True, I did not form a clear question, but I think stability analysis and stationkeeping control theory, for an actual mission, may require an understanding of the perturbations to a higher order than merely saying that to first order the telescope describes an ellipse with L2 at the center. Some halo orbits will be more stable than others, some of the perturbations can be worked out analytically, etc. Is that right? Wrong? Are they being so conservative with the orbit that a first-order analysis is enough?
First order is where we are at at the moment in explaining and understanding these orbits.
It is not where they are at when they actually calculate the necessary burns to keep it in its proper orbit.
The Moon is going to be the biggest influence, but also the easiest to correct for, being pretty regular.
Other planets, especially Jupiter, are going to exert an ever changing influence on it, and they will burn a bunch of CPU cycles on determining what those influences are, and correcting for them.
But it will always describe an ellipse with L2 just on the outside of the plane of that ellipse. over time, the L2 point will become further and further from the plane of the ellipse, and then they will do a burn to correct for that.
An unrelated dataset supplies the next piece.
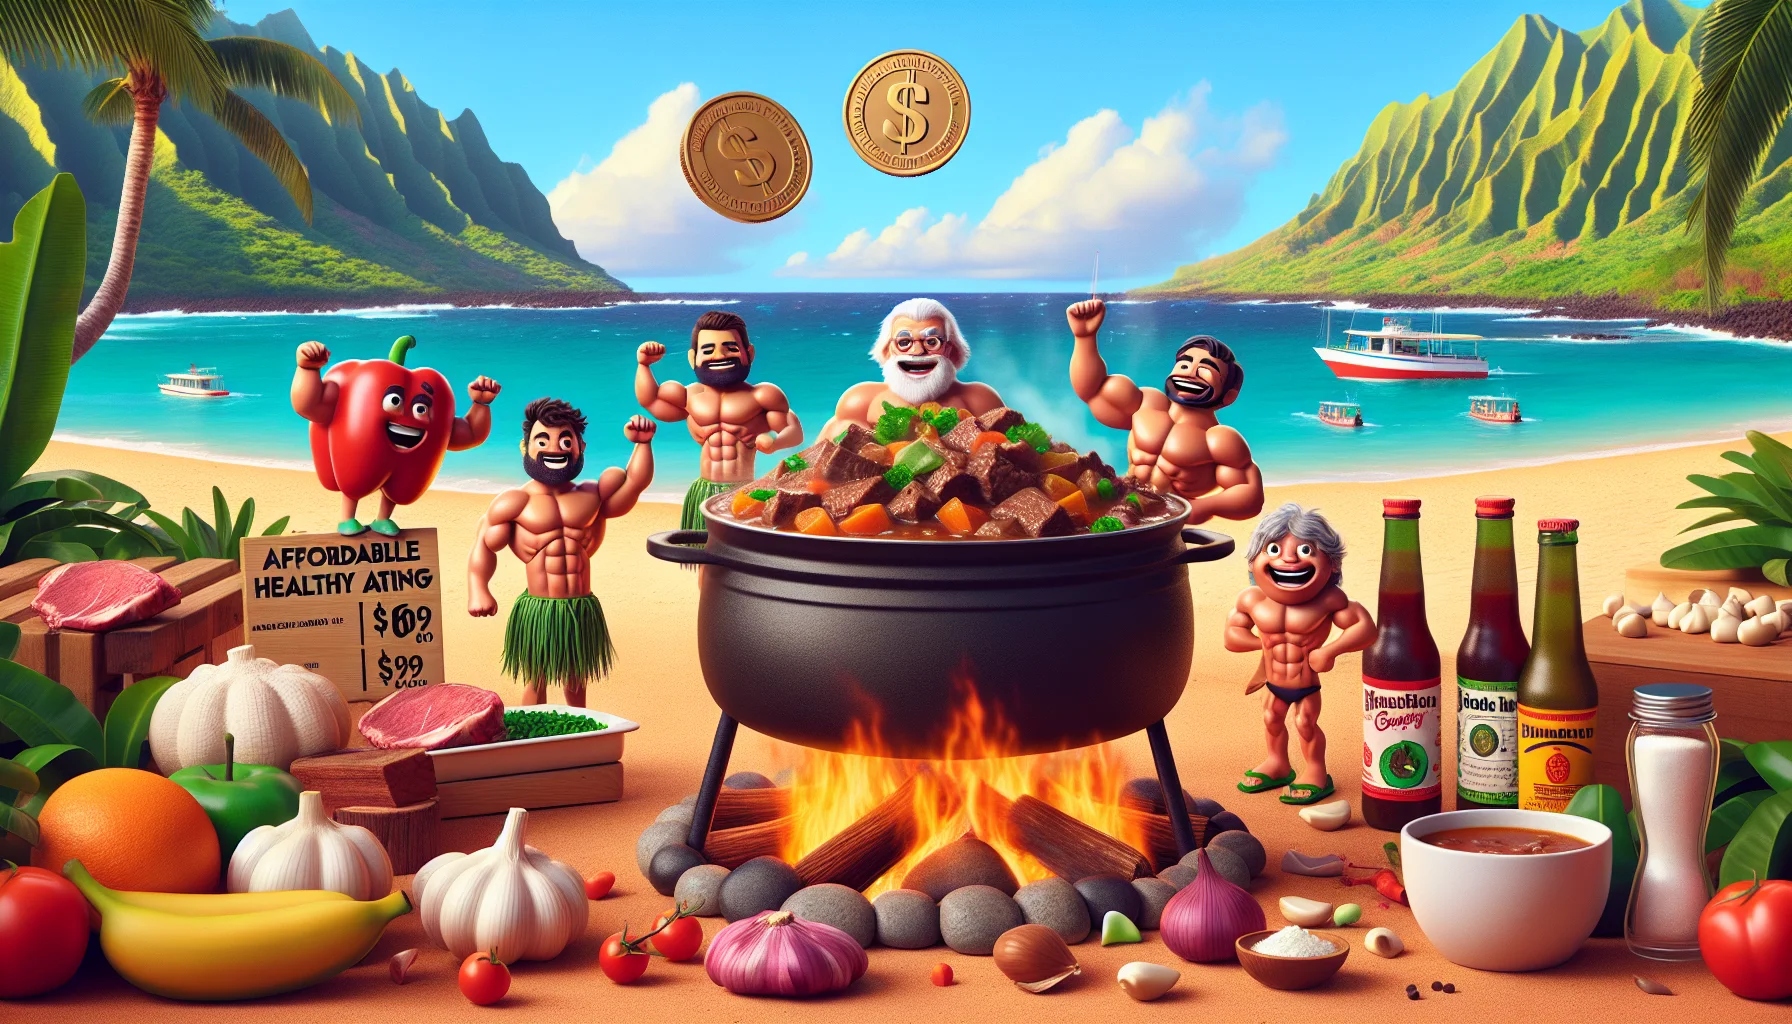 Generate a humorous and realistic image that depicts a scene of a Hawaiian beef stew recipe. Set in a fun and inviting setting, perhaps where the ingredients themselves are animated characters with expressive faces cheerfully promoting affordable healthy eating. The whole scene can be on a Hawaiian beach backdrop with the stew bubbling in a pot over an open fire, drawing in people with its vibrant colors and mouth-watering aroma. Include elements that illustrate the affordability of the meal, such as price tags hanging off each ingredient or coin graphic showing the total cost.

The longer they wait, and the further out the L2 point is, the more fuel needs to be burned, and the less efficient that burn is, reducing the service life.
I do wonder, when it comes time for the craft to be getting down to fumes, if they will use the fuel to keep it at L2 until the end, or if they will allow it to drift and use that fuel to maintain orientation instead, extending the life of the mission, though putting the telescope into a less and less useful position, being further and further from Earth.